CN101031193B - Radiating molding set - Google Patents

Abstract

The invention comprises heat pip and a group of radiating fins. The heat pip has an evaporation end touched with a heat-generated electronic component, and a condensation end coupled with the radiating fins; the condensation end shapes a curvilinear figure in order to increase the touch area between heat pipe and radiating fins so as to improve the cooling effect.

Description

The heat radiation module

[technical field]

The present invention relates to a kind of heat radiation module, particularly relates to a kind of heat radiation module to the heat-generating electronic elements heat radiation.

[background technology]

Along with the fast development of electronic industry, the high speed of electronic component, high frequency and integrated its caloric value that makes increase severely, and therefore heat radiation has become the problem that dealer institute emphasis is considered.

In the heat radiation field, prior art normally adopts a kind of heat radiation module that heat-generating electronic elements is dispelled the heat, as shown in Figure 4, this heat radiation module 30 comprises the plate body 31 with an accepting groove 311, be located at some radiating fin groups 32 on these plate body 31 tops, be used for fan 33 to 32 heat radiations of this radiating fin group, an and heat pipe 34, this heat pipe 34 have one be contained in this plate body 31 accepting grooves 311 and with the evaporation ends 341 of heat-generating electronic elements thermo-contact, an and condensation end 342 that is attached on this radiating fin group 32, this condensation end 342 is a linear, and the heat transferred that this heat radiation module 30 produces heat-generating electronic elements by heat pipe 34 is on radiating fin group 32 and utilize air-flow that fan 33 runnings produce that the heat at radiating fin group 32 places is dispersed in the surrounding air.

The size of heat pipe 34 and radiating fin group 32 contacts area is directly connected to the height of radiating efficiency in the described heat radiation module 30, for improving radiating efficiency, the dealer normally flattens heat pipe 34 to increase the contact area of heat pipe 34 and radiating fin group 32, but in the process of making this type of heat pipe 34, it is destroyed that the capillary structure of a large amount of conveying liquid that exist in the heat pipe 34 has part, and beat flatly more, the ruined degree of capillary structure is serious more, the thermal resistance of heat pipe 34 will increase substantially like this, makes heat pipe 34 decreased performance; And heat pipe 34 is flat excessively, and the cross-sectional area of its transmission medium is reduced, and causes the ability drop of heat pipe transmission heat, so method is not satisfactory, need seek a kind of mode that increases heat pipe 34 and radiating fin group 32 contacts area in addition for this reason.

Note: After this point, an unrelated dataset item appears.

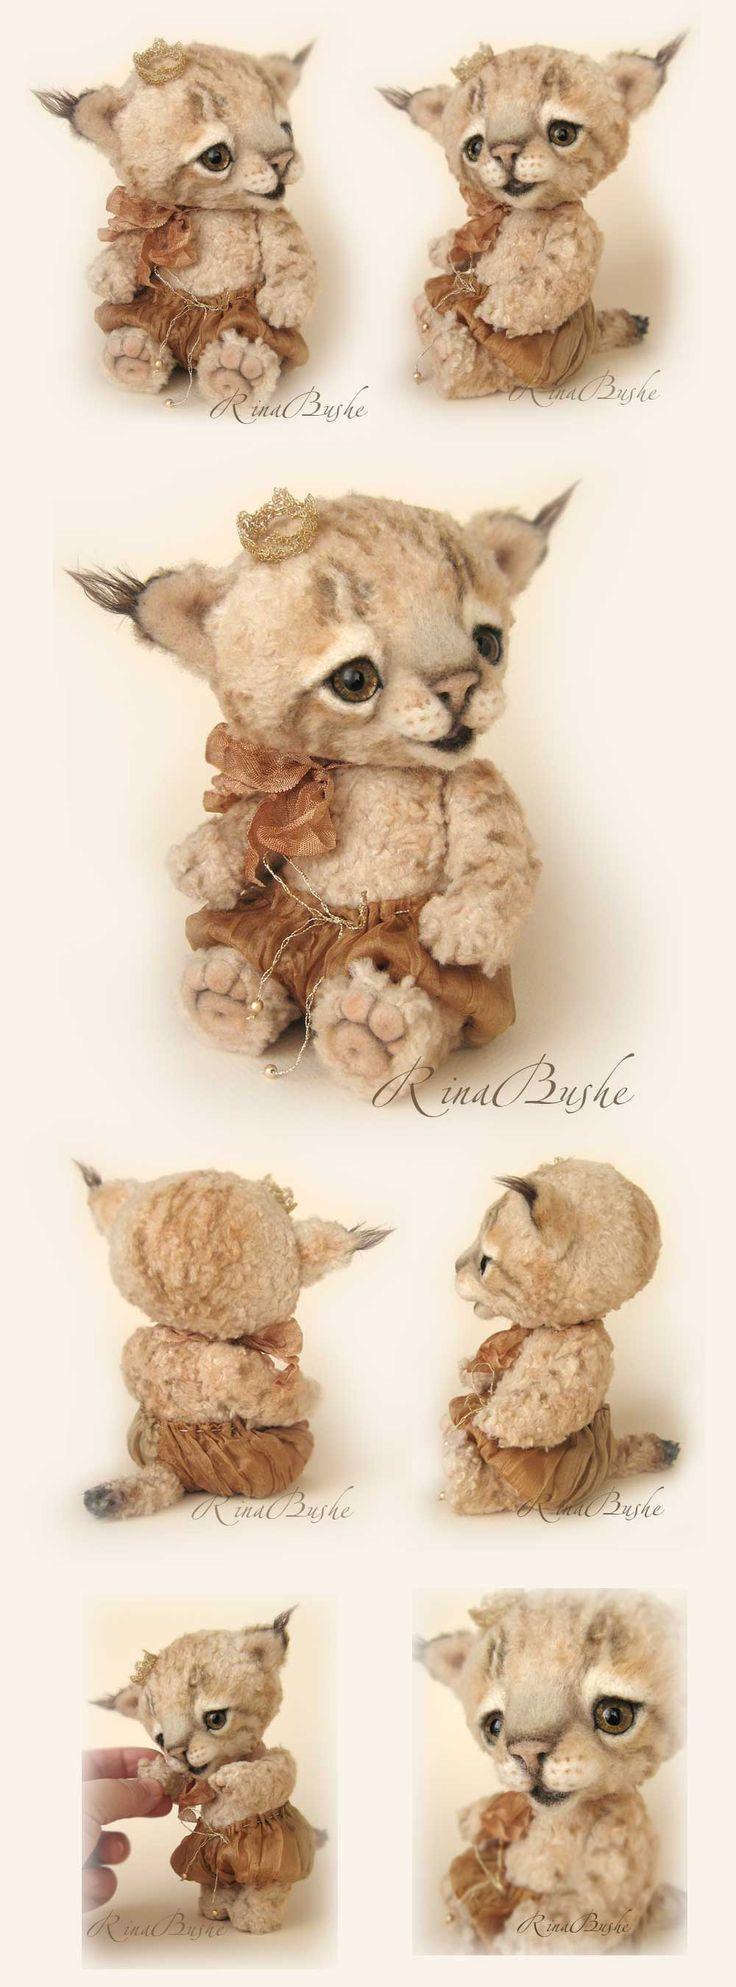 This site has super cute stuffed animals

[summary of the invention]

In view of this, be necessary to provide a kind of heat radiation module that increases heat pipe and radiating fin contact area.

This heat radiation module comprises heat pipe and radiating fin group, this heat pipe is a flat, this heat pipe has the evaporation ends with a heat-generating electronic elements thermo-contact, and the condensation end that combines with this radiating fin group, this heat radiation module also comprises a fan, be formed with an air outlet on this fan, this radiating fin group is positioned at this air outlet place, this radiating fin group comprises some radiating fins, each radiating fin is provided with a flanging in the one end place, these flangings are common to be formed one and connects end face, being shaped as shaped form and being attached on this connections end face of this condensation end, and the condensation end of this heat pipe is an arc with the part that combines of the radiating fin group that is positioned at fan maximum air output place.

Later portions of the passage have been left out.